Вторая важная черта наукоучения та, что оно есть развивающееся целое, а не застывшее. Здесь Фихте исходит из того, что поскольку объект наукоучения — знание — есть не мертвое состояние, а «некоторый поступательный временной ряд» (т.е. развивается, имеет историю), то и наука о знании должна быть «прагматической историей» человеческого духа и спокойно следовать за ходом событий, которые происходят в этой сфере. Иными словами, наука о знании должна быть процессом, совпадать с историей своего объекта.
Три основоположения фихтевского наукоучения:
1. Я первоначально само себя полагает, само себя созидает. В этом основоположении четыре глубоких рациональных мысли:
Во-первых, Фихте указал, что самополагание Я неотделимо от его самопознания, так что для Я характерна двуединая деятельность: созидательная (практическая) и познавательная (теоретическая).
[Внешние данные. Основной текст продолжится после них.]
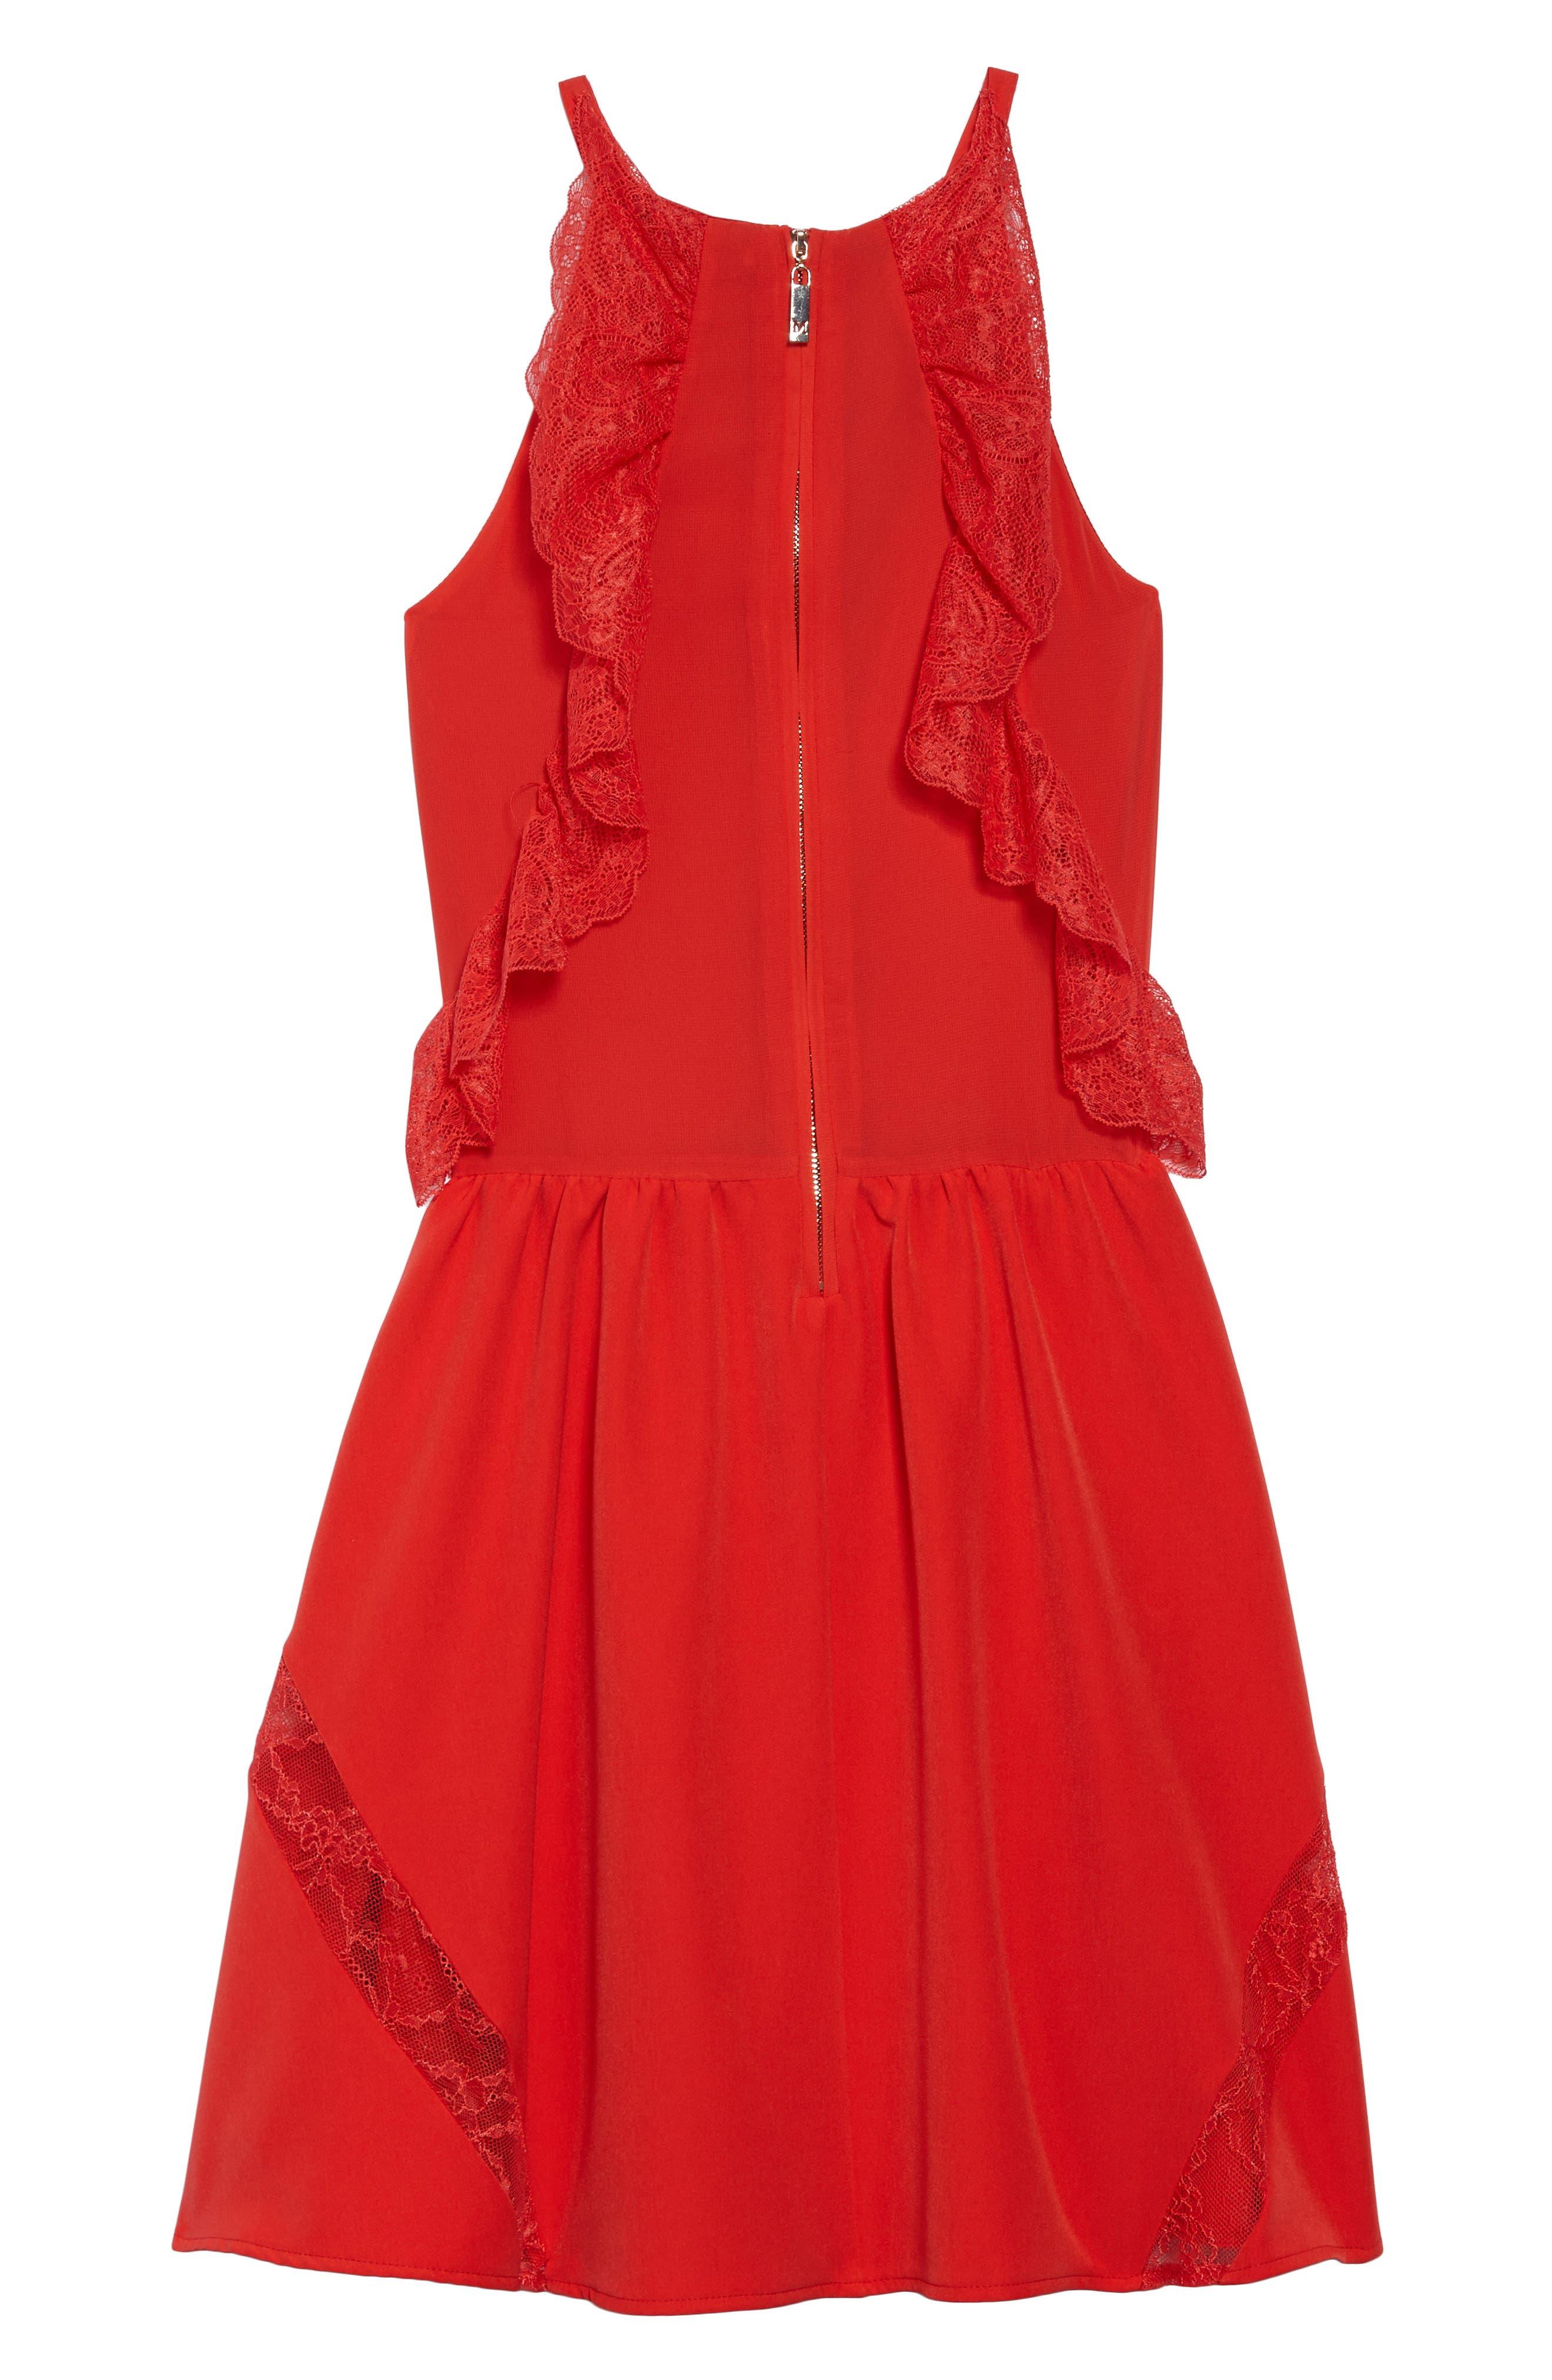 Lace Trimmed Halter Dress,                             Alternate thumbnail 2, color,                             600
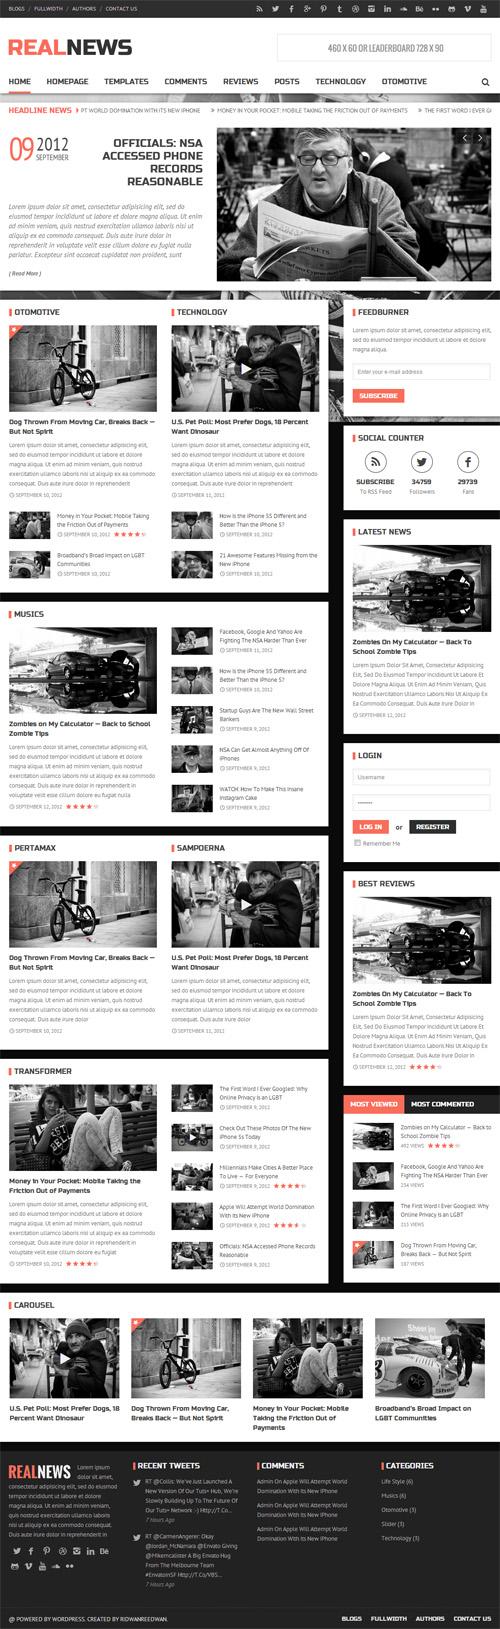 Realnews - Stylish and Responsive Magazine Theme

Вводя понятие практики (идеалистически понимаемой) в свою теоретическую философию, Фихте ставит важную гносеологическую проблему — единства теории и практики в познавательном процессе, который есть сторона практики.
Во-вторых, он рассматривает Я в рамках такого взаимодействия объекта и субъекта, которое фактически включает в себя объективную реальность. Хотя он и выводит последнюю из мыслящего Я, но при этом замечает, что Я должно быть рассмотрено не как чистый субъект, а как субъект-объект. Согласно Фихте, в этом Я «субъективное и объективное слиты воедино», потому что в своем созерцании Я полагает необходимость самого себя. Фихтевское утверждение об изначальном единстве субъекта и объекта как ключе к пониманию последующей связи между ними есть фундаментальное положение, «кусочек» материализма.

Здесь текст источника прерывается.